Wherefore, we strongly believe that if Mr. Lucaj is deported to Montenegro, he will fall victim to a corrupt justice system and be denied a fair and free public trial while facing physical and mental abuse. We desperately appeal to the Albanian Government not to extradite Mr. Lucaj to Montenegro where cruel and inhumane treatment awaits him. We urge you to recognize that these bogus acts do exist and ask that you grant Mr. Lucaj a stay in Albania.

Respectfully submitted,

The Albanian-American Association "Malesia e Madhe"

"Ded Gjo' Luli"

"Homeland Unites Us"

Malesia Humanitarian Fund

Tuesday, May 03, 2011

Malësor arrested in Albania to be extradited back to Montenegro


TUZ, Malësia, May 2, 2011 - Albanian police yesterday acted on an arrest warrant issued by Interpol and Montenegro to arrest Mr. John Lucaj (39) of Malësia. Lucaj was charged and sentenced to 3 years and 3 months imprisonment by the high court in Podgorica with activities associated with the infamous 2006 "Eagle's Flight" case where 18 men were sentenced to a combined 51 years imprisonment in May 2008, just days before the first general elections in Montenegro were to be held.

Organizations for Human Rights in Montenegro have criticized the charges as human rights violations, citing torture and other crimes against detainees and their families. The charges against the 18 men included convictions that they were preparing an armed rebellion in Malësia, with the aim of creating ethnic Albanian territories. None of those accusations were proven.

Official sources from the Albanian police suggest that within a few days Mr. Lucaj will be returned to Montenegro to face charges related to his escape and his alliance with the 2006 case.

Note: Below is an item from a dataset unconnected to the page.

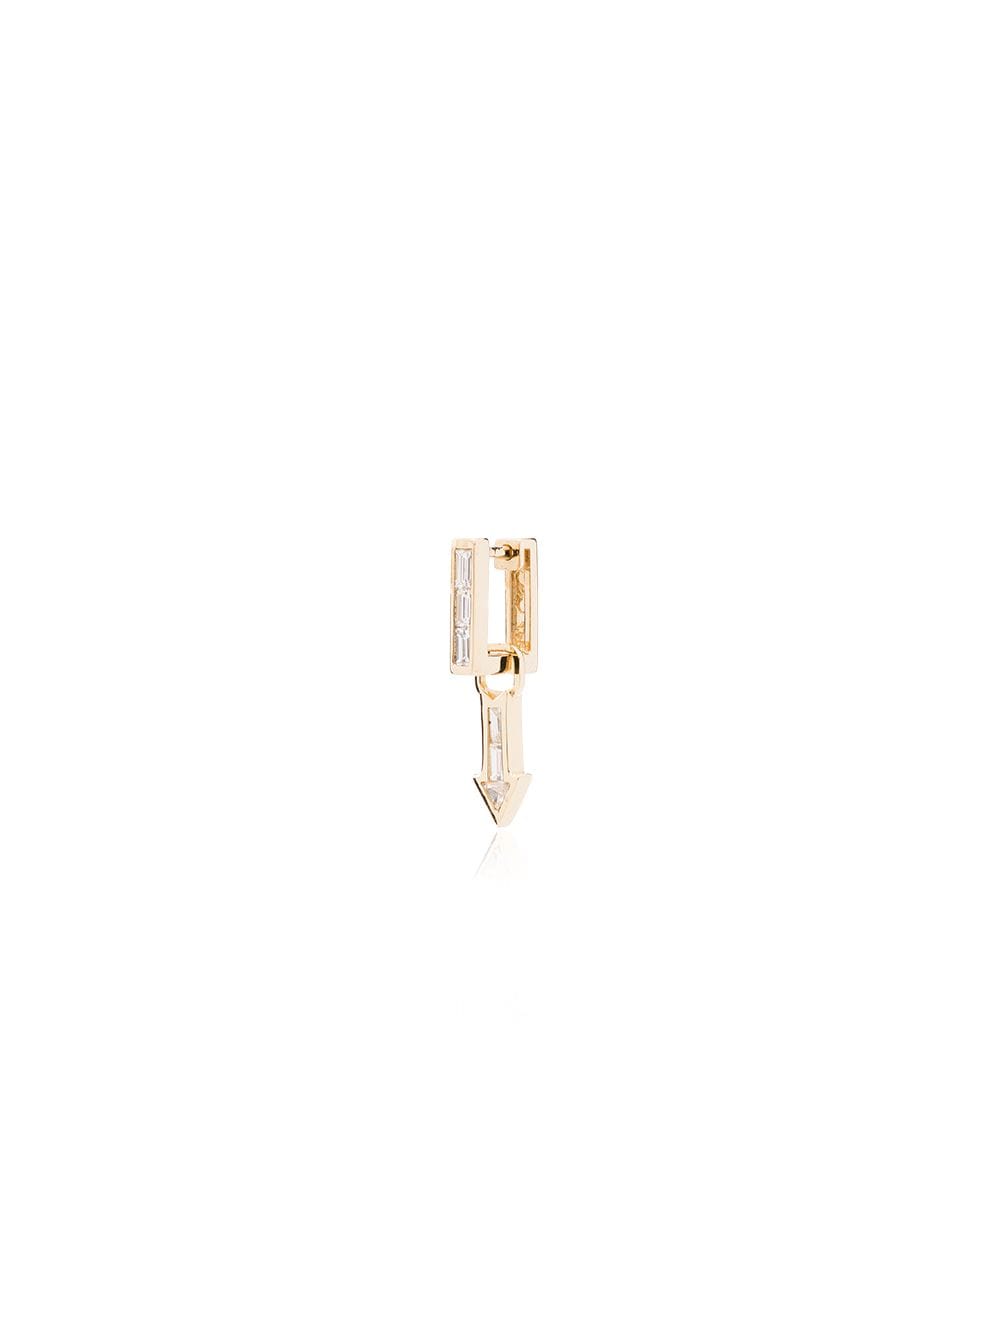 фото Lizzie mandler fine jewelry единичная серьга-подвеска arrow из золота

In the United States, several Albanian-American associations have petitioned the Albanian government to immediately stop extradition processes of Mr. Lucaj due to the well-documented treatment of Albanian political prisoners in Montenegrin jails. It is well-known that the Montenegrin secret police brutally assaulted Albanian political prisoners in the recent past, including the arrest of innocent Albanians while viciously torturing them and their families. The Montenegrin police systematically violate local and international laws by beating and torturing political prisoners, and in doing so, they breach individual civil rights and liberties.